Suite à l’attentat d’Inata qui avait coûté la vie à 53 gendarmes et dont l’onde de choc avait touché jusqu’aux hameaux les plus reculés du Burkina Faso, le chef de l’Etat, Roch Marc Christian Kaboré, s’était engagé à opérer des changements au sein des Forces armées nationales et rendre active et efficace la présence des chefs militaires sur le théâtre des opérations aux côtés des troupes. Le but, on peut l’imaginer, est d’éviter le retour de telles horreurs et surtout de mettre fin aux orgies sanglantes de l’hydre terroriste. Certains avaient pris cette annonce comme une promesse politique destinée uniquement à faire baisser la fièvre sociale qui était montée d’un cran. Mais cette fois, dos au mur, le président du Faso, déguisé en chef suprême des armées et chef de guerre, a joint les faits à la parole. En effet, elle a entraîné des changements majeurs dans la chaîne de commandement opérationnelle au sein de la Grande muette nationale. Il a non seulement promu de jeunes officiers à des postes de responsabilité, mais il a aussi renvoyé de nombreux officiers à la vie civile dont on imagine la présence pouvant gêner l’action des jeunes loups qui n’attendaient que l’occasion de se faire un nom. Et comme pour donner un autre signe des temps, Roch Marc Christian Kaboré a rejeté les conclusions du rapport d’enquête commandé à la suite du drame d’Inata, au motif qu’elles ne permettent pas de situer les responsabilités et donc de sanctionner comme il le fait.’ promit-il, le mouton noir tapi dans les couloirs du commandement militaire.

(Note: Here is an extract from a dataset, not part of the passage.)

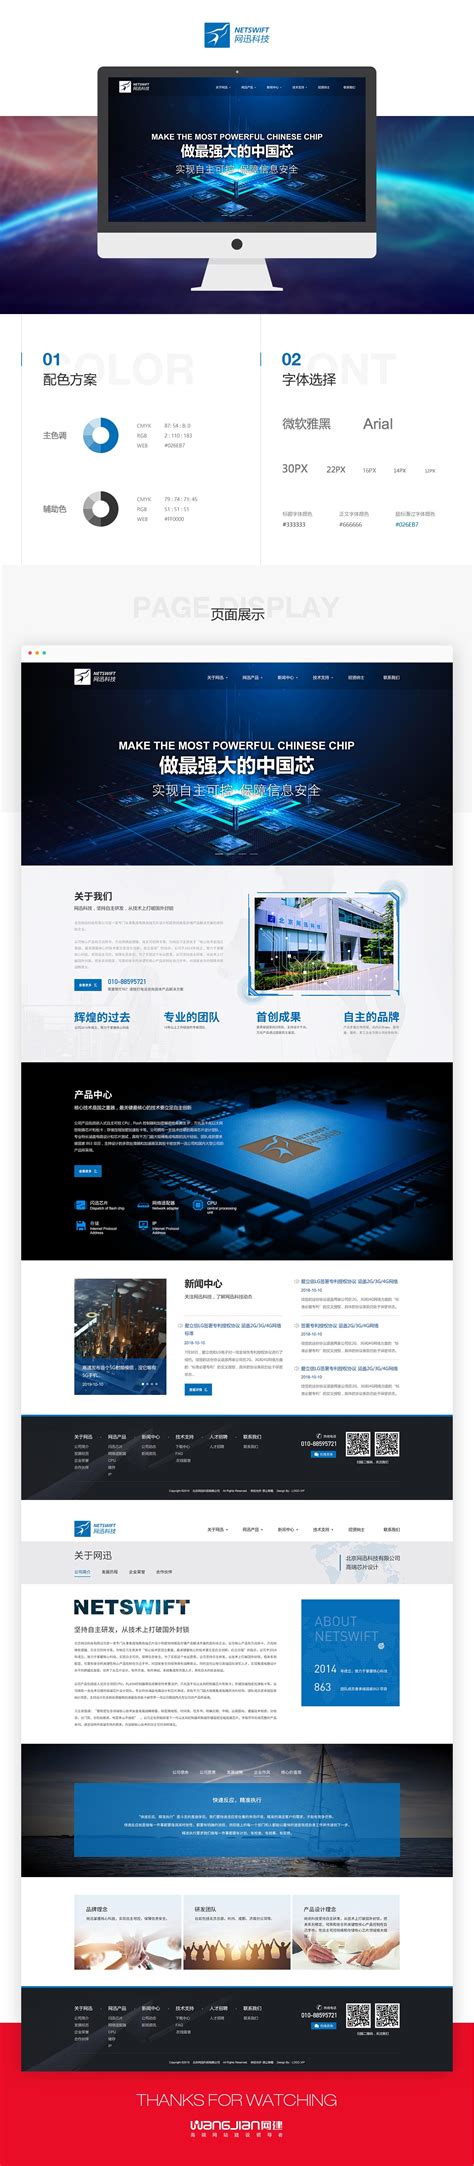 生意街-网站建设案例|网站设计案例|网站制作案例-北京一度旭展文化传媒有限公司

C’est aux nouveaux chefs militaires de passer au charbon

Il faut aussi saluer, au passage, cette fermeté du chef de l’Etat qui rompt avec l’image du grand désinvolte qu’il laisse dans l’esprit des Burkinabè et qui, sans nul doute, nous permettra de mettre à nu les manœuvres de ceux qui , engagés dans les enquêtes, tentent probablement de couvrir des compagnons d’armes sans scrupules. Sans aucun doute, cela lui vaudra une fortune de sympathie auprès de nombreux Burkinabés qui ont eu du mal à voir des officiers de haut rang monter dans des carrosses tandis que des jeunes se battent au front. Ceci dit, tout le mal que l’on peut souhaiter au président Roch Marc Christian Kaboré, c’est que ces changements au sein des forces armées nationales ont un impact très positif sur la lutte contre l’insécurité. A défaut, ces nominations seraient considérées comme un jeu de chaises destiné à amuser l’opposition burkinabé qui, regroupée autour du CFOP, avait lancé un ultimatum au chef de l’Etat pour qu’il prenne des mesures concrètes pour améliorer la situation sécuritaire nationale. Pire, ils pourraient être échangés contre des récompenses entre amis dans un gouvernement critiqué pour privilégier les réseaux de parents et d’amis. Ceci dit, gageons que l’homme a cette fois pris la vraie mesure du danger, et qu’il a compris que sa survie politique est liée aux résultats sur le front de la lutte contre l’insécurité. En attendant des nouvelles du front dans les prochains jours, on peut dire que Roch Marc Christian Kaboré a joué sa partition. Car, comme on dit, la plus belle femme du monde ne peut offrir que ce qu’elle a. Il appartient donc aux nouveaux chefs militaires de se concentrer sur le charbon. Il appartient aussi aux Burkinabè de s’unir autour de nos Forces de Défense et de Sécurité, en étant plus coopératifs en matière de renseignement, mais aussi en évitant toute collusion d’intérêts avec les forces du mal.